# Data extract:
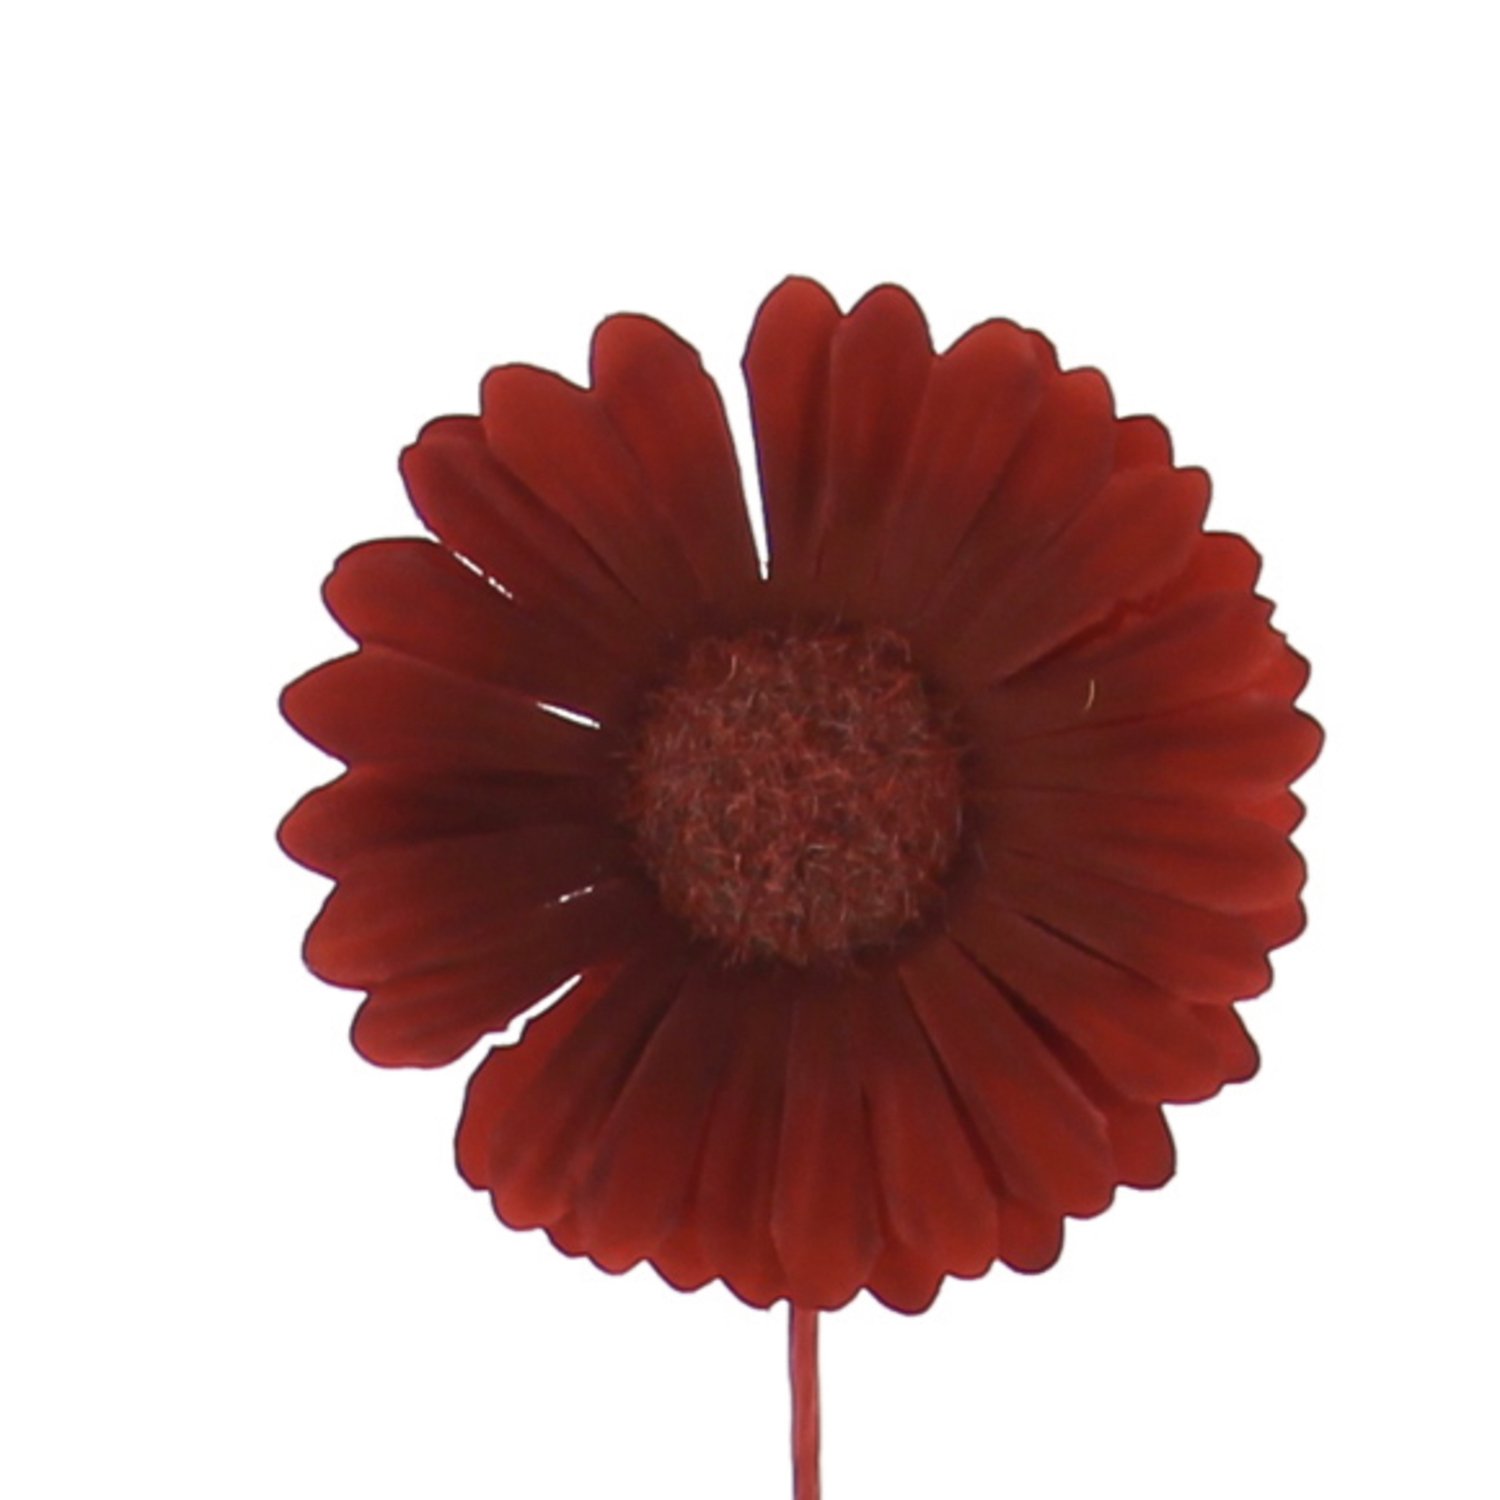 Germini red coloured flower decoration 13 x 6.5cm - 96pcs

...

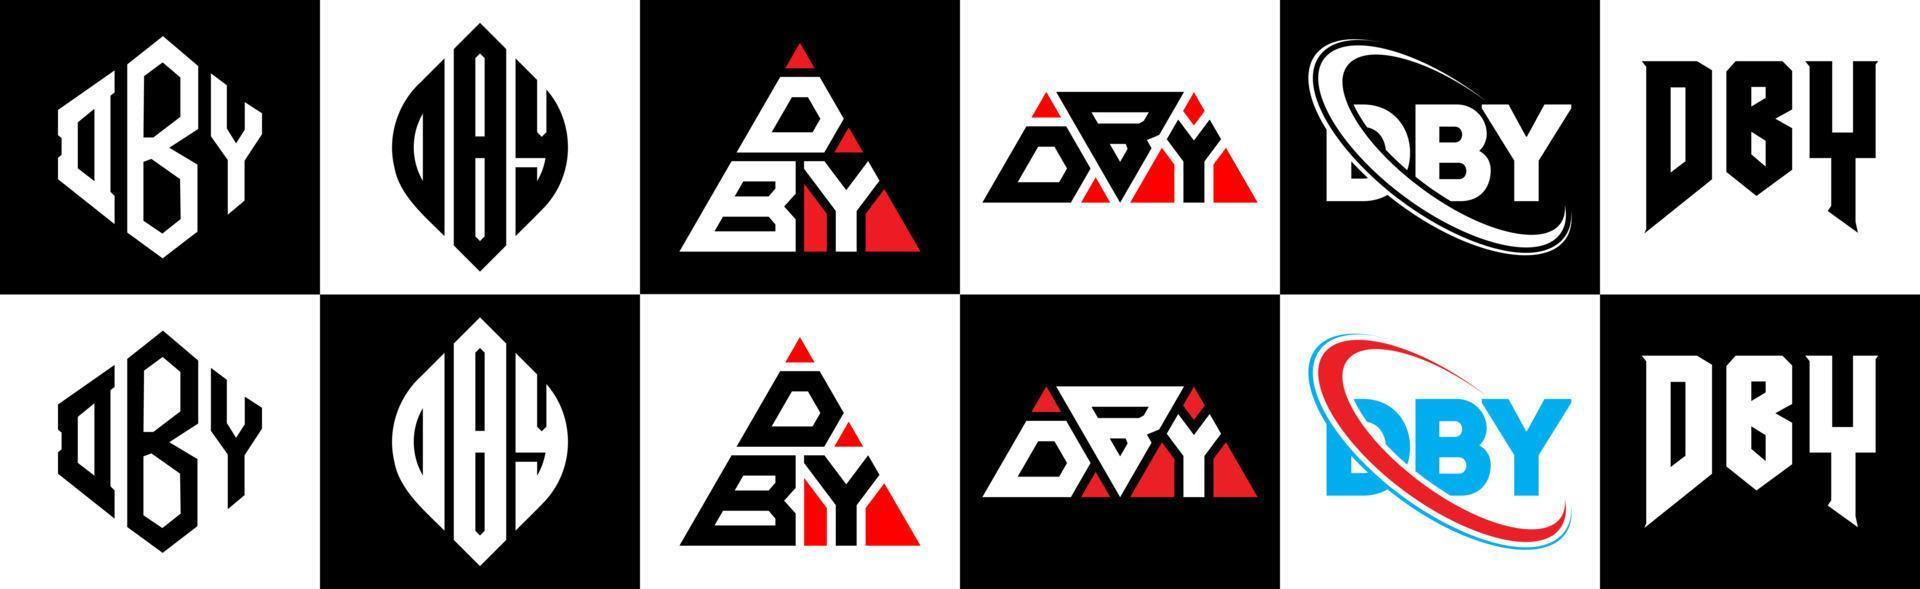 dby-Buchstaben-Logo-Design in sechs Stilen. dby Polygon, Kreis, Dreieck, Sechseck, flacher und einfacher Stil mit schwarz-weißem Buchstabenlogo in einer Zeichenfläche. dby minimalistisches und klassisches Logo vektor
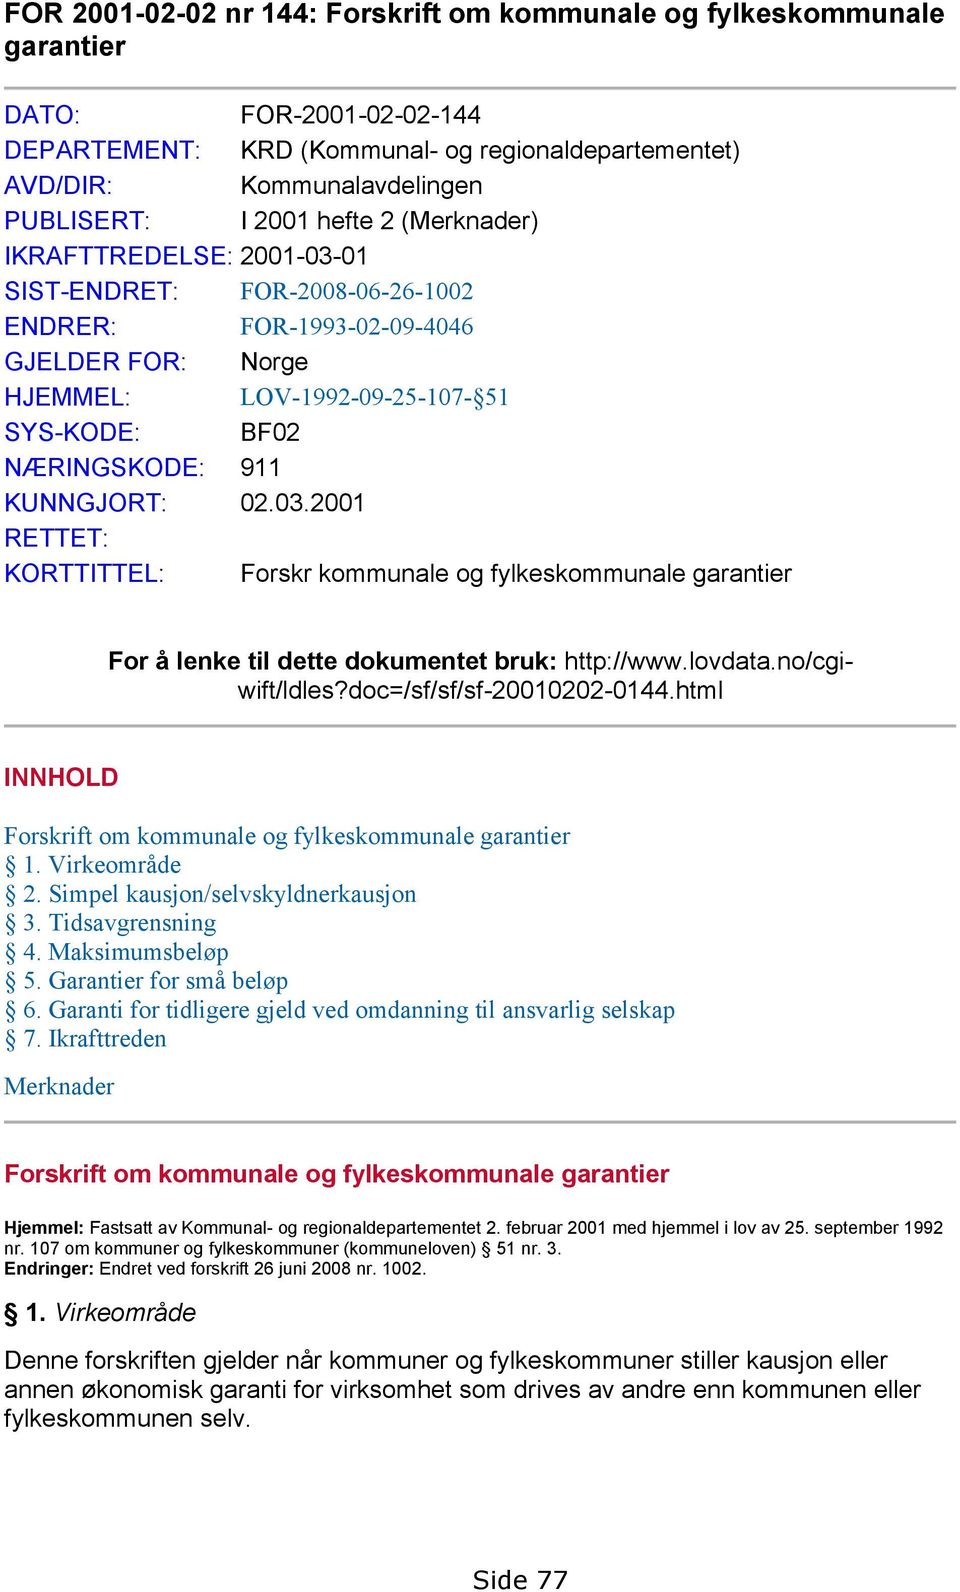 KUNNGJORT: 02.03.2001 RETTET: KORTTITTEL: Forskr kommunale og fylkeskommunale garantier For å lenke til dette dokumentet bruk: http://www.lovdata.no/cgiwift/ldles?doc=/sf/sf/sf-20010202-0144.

# Your objective:
Using the data above, transcribe exactly the lines between those containing "dby-Buchstaben-Logo-Design in sechs" and "KUNNGJORT: 02.03.2001 RETTET: KORTTITTEL: Forskr", inclusive, and leave every picture behind.

# The completed task:
 dby-Buchstaben-Logo-Design in sechs Stilen. dby Polygon, Kreis, Dreieck, Sechseck, flacher und einfacher Stil mit schwarz-weißem Buchstabenlogo in einer Zeichenfläche. dby minimalistisches und klassisches Logo vektor
 KUNNGJORT: 02.03.2001 RETTET: KORTTITTEL: Forskr kommunale og fylkeskommunale garantier For å lenke til dette dokumentet bruk: http://www.lovdata.no/cgiwift/ldles?doc=/sf/sf/sf-20010202-0144.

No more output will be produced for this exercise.